Aminabadi et al. study (22) showed that there was no significant difference in gingival index between children with ODD/ADHD and normal children. However, we found that the plaque index was higher in ADHD children taking drugs, in addition to high DMFT and low USF which indicates the effects of USF on the accumulation of plaque in the Ritalin-using group. It also may be the more serious effect of neuro-feedback therapy on controlling the behavioral problems of this group of children that improves their hygiene behaviors which requires further studies.

Generally, only two studies by Ariela Hidas (2011 and 2012) analyzed the saliva and oral status of ADHD children. It was done by separating them into subjects under pharmacotherapy and subjects undergoing no treatment (13,14). In their study, although USF was lower in ADHD children than the normal ones, yet no significant difference was observed between two ADHD groups, including those who took medicines and those without any treatment. Also, no significant difference was observed in terms of DMFT between the normal children, ADHD children under Ritalin treatment, and ADHD children not undergoing pharmacotherapy (14,17). An important difference between this study and the study by HIDAS is the higher number of samples and the longer duration of medication, which may affect the results. On the other hand, in this study, both the groups of patients were under pharmacotherapy or neuro-feedback therapy for six months, which may reduce the intervening factor of treatment duration between the two groups.

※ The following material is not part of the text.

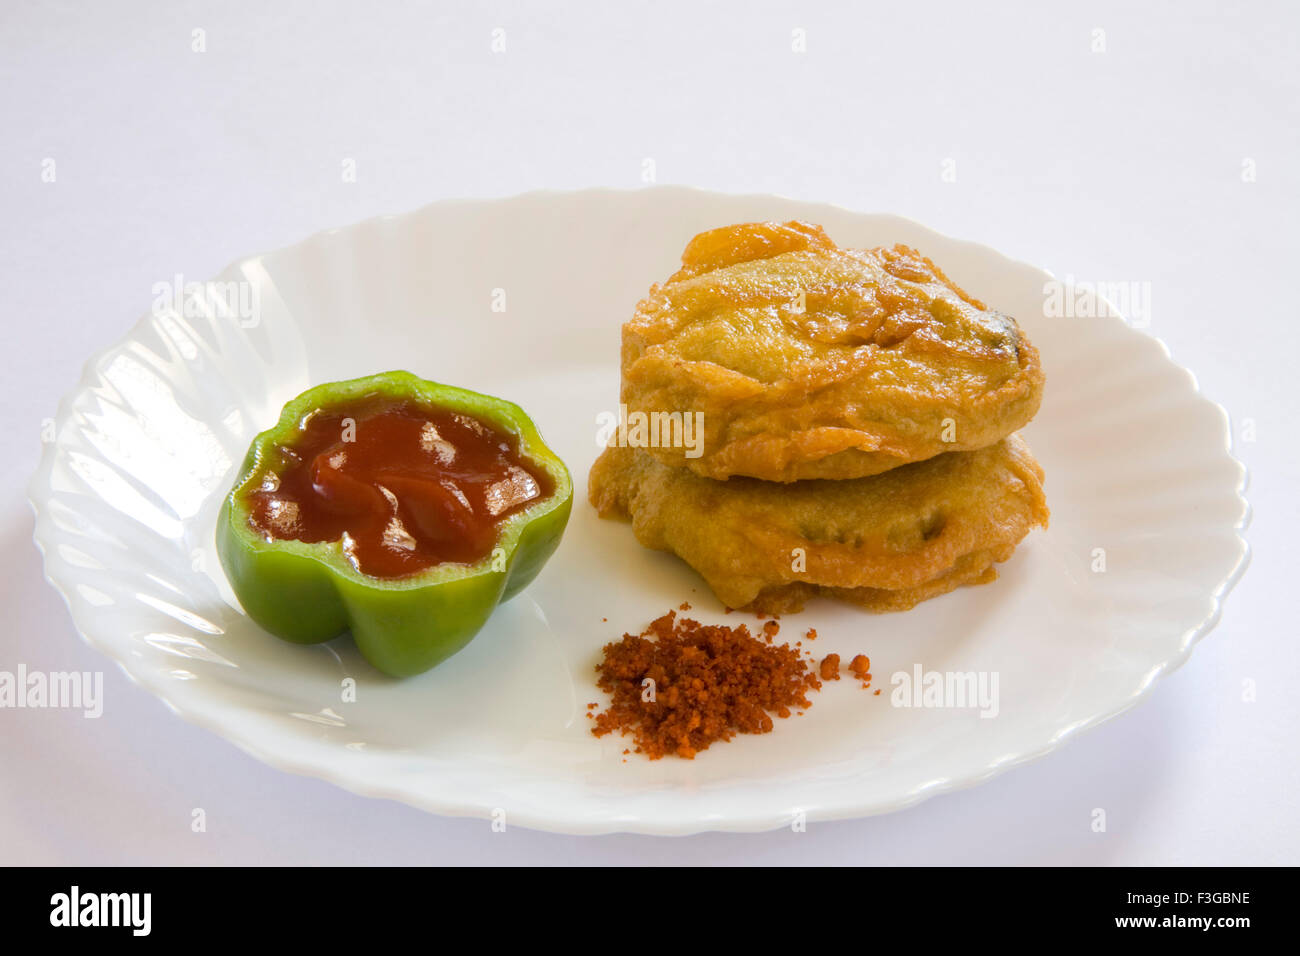 Indian fast food fried batata or potatoes vada with chopped green chilli served chutneys tomato ketchup served plate Stock Photo

In overall, our results showed better oral health for ADHD children under neuro-feedback therapy which indicates the importance of therapies for ADHD children that are non-medicinal and less invasive. These types of treatments result in fewer dental and oral side effects in addition to the improvement of behavioral problems in ADHD children. Although the results of this study indicate lower USF and higher PI in ADHD children under pharmacotherapy, because of the multitude of factors influencing dental caries and many intervening factors in this kind of study, further studies are required to make conclusions with certainty and resolve these contradictions, specifically by using a bigger sample size and eliminating other influencing factors.

Conclusions

The results of this study showed that children with ADHD undergoing medical treatment by Methylphenidate (Ritalin) had lower unstimulated saliva flow (USF) index and higher DMFT and plaque index (PI) than ADHD children under neuro-feedback therapy. Therefore, Neuro-feedback therapy is preferable to Ritalin treatment for ADHD children in terms of their oral health status.